I Believe in Tea
When I first get to know someone, I ask them what type of tea they like. It sounds like a strange icebreaker, I know. But there’s more to the subject than meets the eye.
Once my new friend and I have talked about our favorite kinds of tea, I’ll usually take a risk by dropping some interesting facts about tea. My favorite is always, “Did you know almost every tea – green, black, white, red, and even oolong – come from the same plant?”

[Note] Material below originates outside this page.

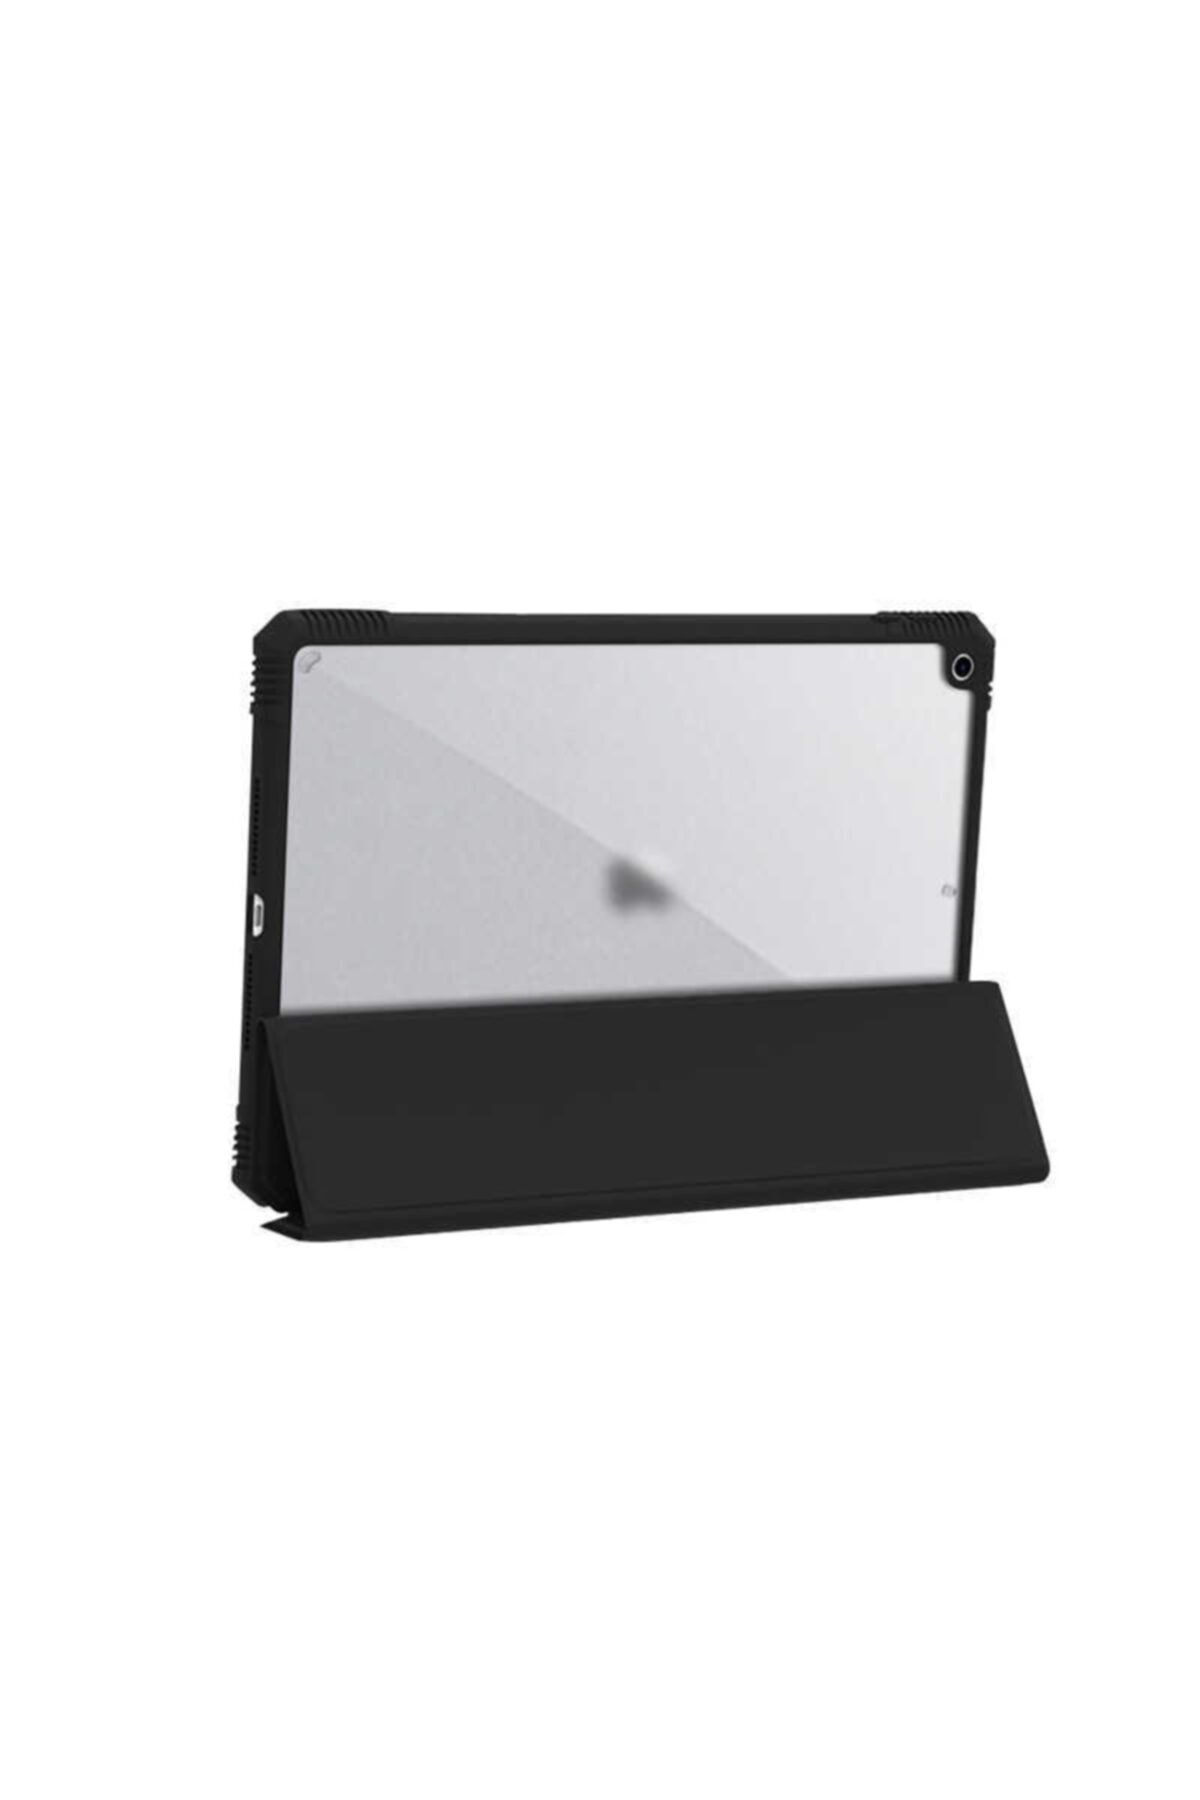 Canpay Apple Ipad 6 Air 2 Uyumlu Arka Ve Ön Kılıf Orjinal Wiwu Uyku Modu Ve Stand Özelliği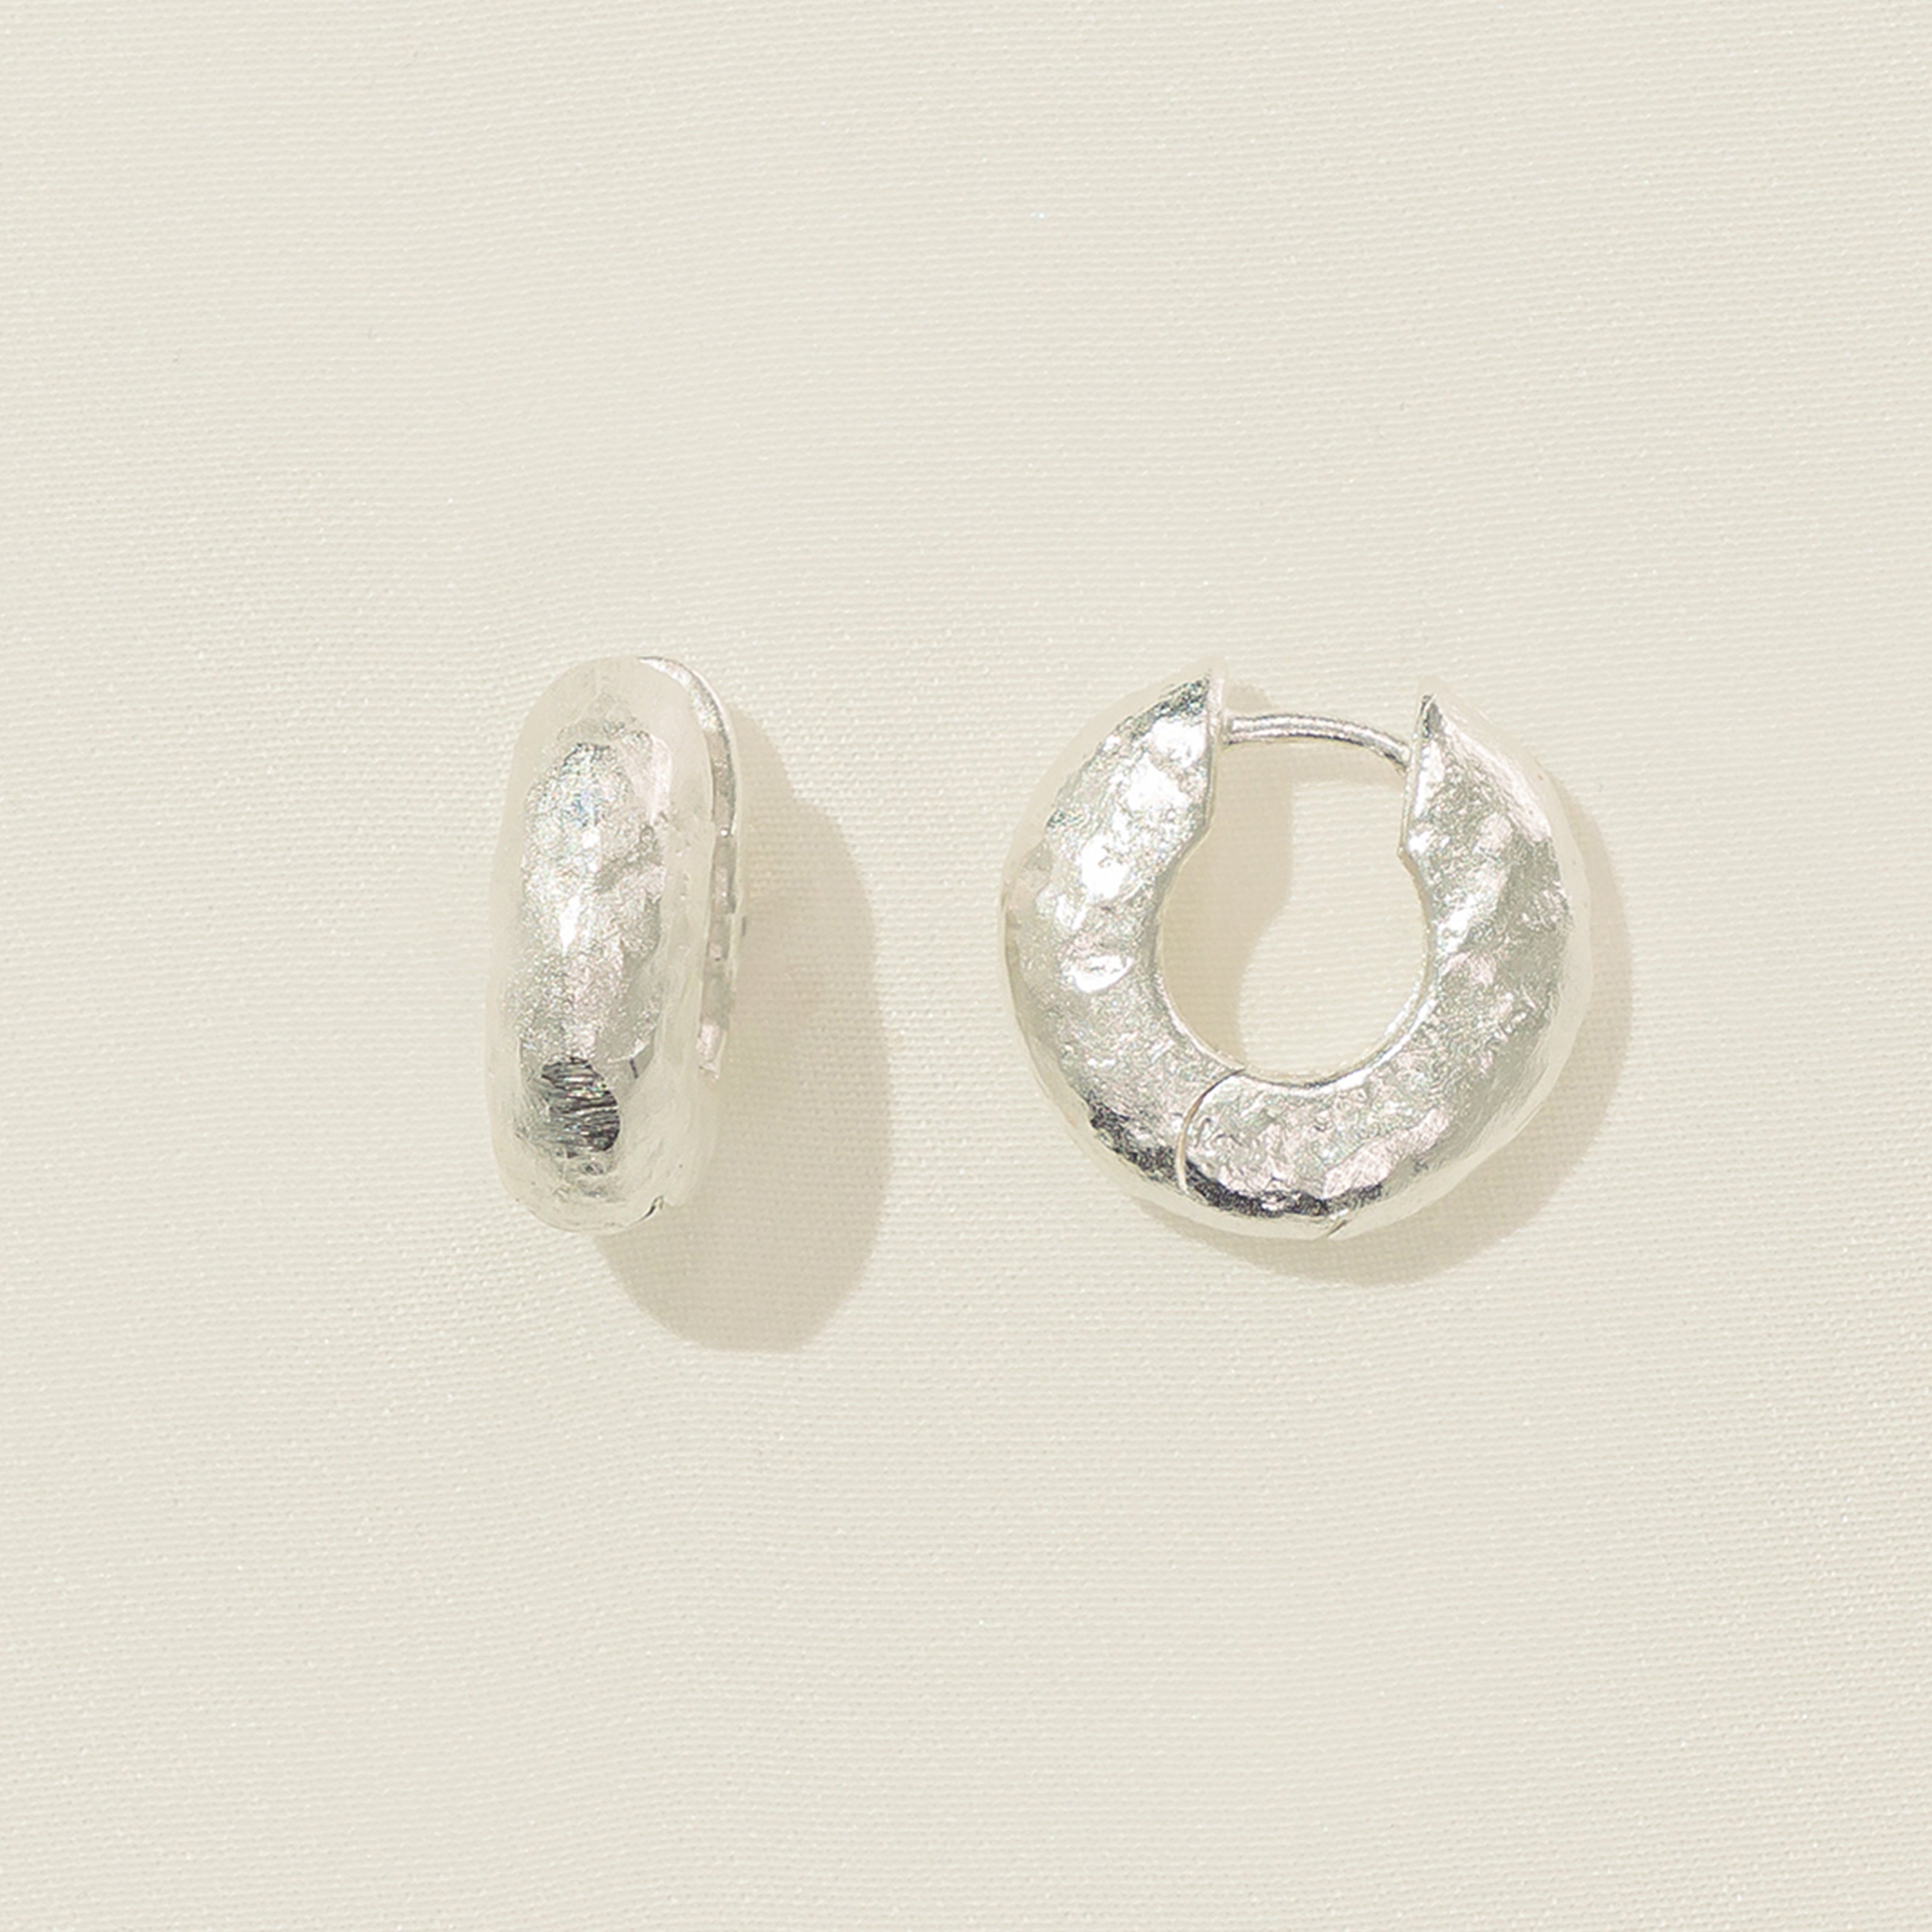 Anilla Silver Earrings

The plant is called Camellia Sinensis. And it has been providing tasty drinks, beneficial foods, and even currency for thousands of years. In fact, there’s a tea tree that has been providing leaves for over 3,000 years in the Yunnan province. That’s the part of China where brewed tea originated as a drink.
I don’t have any great story about how I came to love tea. I’ve never been to China. I’ve never even been to a Chinatown in the United States. Maybe my love of tea springs from my Grandmother’s teapot collection. It was at a tea specialty store in King of Prussia, Pennsylvania that my love of tea was born. I bought a strawberry chili chocolate tea that day.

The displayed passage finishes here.